I noticed the same thing. I'm not surprised about the current discussion over copyright because this training data pretty clearly has a basis in unlicensed Shutterstock images.
> A lot of those examples have a Shutterstock watermark. I doubt that Shutterstock allows the use of unlicensed videos for this use case.
That almost everyone (other than, maybe, people specifically and very loudly selling the fact that they aren’t, e.g., Adobe) training base AI models is relying on the idea that doing so is fair use and doesn’t require a license is hardly news.
I give a summary about the training of the text-to-video model: they used 48 GPUs for the keyframes model 128k steps, 24 GPUs for the interpolation model 14k steps, 32 GPUs for the upscaler model 10k steps, 40 GPUs for the autoencoder 35k steps. They used A100-80G in all cases except the autoencoder (A100-40G).
This is not particularly expensive considering the numbers these companies usually use, thanks to the fact that they only trained the temporal layers in the LDM and the autoencoder.
Some things to note:
- This was finished last year, impressive now but even more so back then
- No code or models released BUT several authors have moved to StabilityAI and are working on their own improved open video models, which is hopeful as the field continues to move forward
- The paper uses existing image models as a base, and so a better base model (the new XL stable diffusion variant, or Midjourney's underlying model) will give even better results.
The generated 'driving scene' videos eerily resemble a lot of crash dashcam video's. I even have the idea that the bottom right video is composited of video's right before a crash. The white SUV seems to make a hard steer right, but then just continues straight on. It even looks as if some wreckage is visible flying over the road.
I was curious about the use of "sks" in the examples. It is explained in the paper:
> Using DreamBooth [66], we fine-tune our Stable Diffusion spatial backbone on small sets of images of certain objects, tying their identity to a rare text token (“sks”).
This seemed like it might be an interesting article to read, but it turns out that clicking on this link initiated a huge many megabyte download of some kind of media experience that totally locked up my machine. I had a bunch of apps going and was hoping for a smooth start to the day. Had this been an actual article to read then it could have loaded and been put in the background. If you are going to link to some hypermedia experience that requires a high end machine, good net connection, and well configured ad blockers then there should be a warning. This is not some taste issue about me not liking the custom font or whatever. Much of the population does their work on lower end machines with modest net connections and this site is not compatible with that. Do you really want HN to be a site only for the ascended? If you can't communicate without an avalanche of crud coming along then maybe you need to consider what you are saying and maybe consult an editor or something.
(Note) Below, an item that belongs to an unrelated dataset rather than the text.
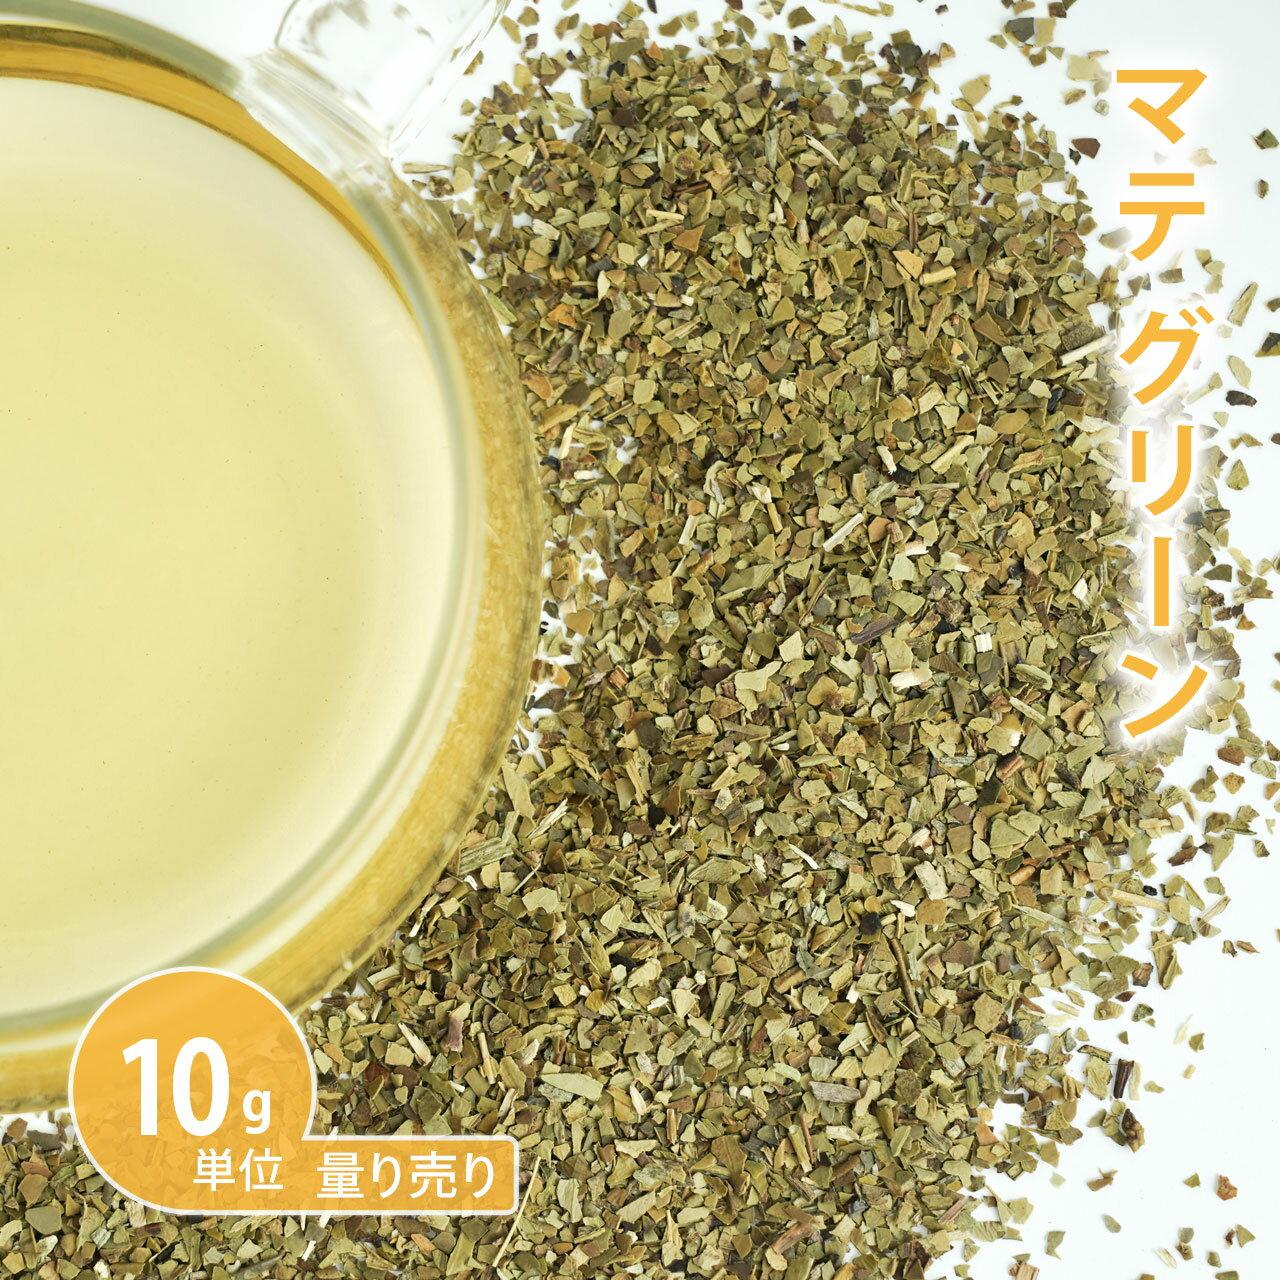 【ポストお届け可/5】 マテ グリーン マテ茶 [ 10g単位 ハーブ量り売り ] 【ドライハーブ/ハーブティー】

Wat. It‘s a demo for a text to video model, of course the authors would show videos, expecting anything else is wild. It should be on your machine to handle this gracefully…
An interesting take on the "diffusion can't do hands" trope: take a teddy bear (the most finger-less humanoid shape known to man, and now also to machine I guess) and put it in that one scene where all attention is on fingers (guitar solo)
I think their main focus is generate more real lift simulation of driving and creating many scenarios to train on. Its good for the autonomous car mostly targeting Cruise and Tesla.
It implies that the researchers are okay with generating outputs based on data scraped from ArtStation portfolios without consent.
There was also the time months ago when the art of a deceased artist (Qinni) was featured prominently on the front cover of an img2img/style transfer paper until the artist's sister requested it was taken down.
I imagine it will be the de-facto way AI generates video in the next few years, once huge models are smart enough to use tools and work in high breadth and depth jobs like humans do.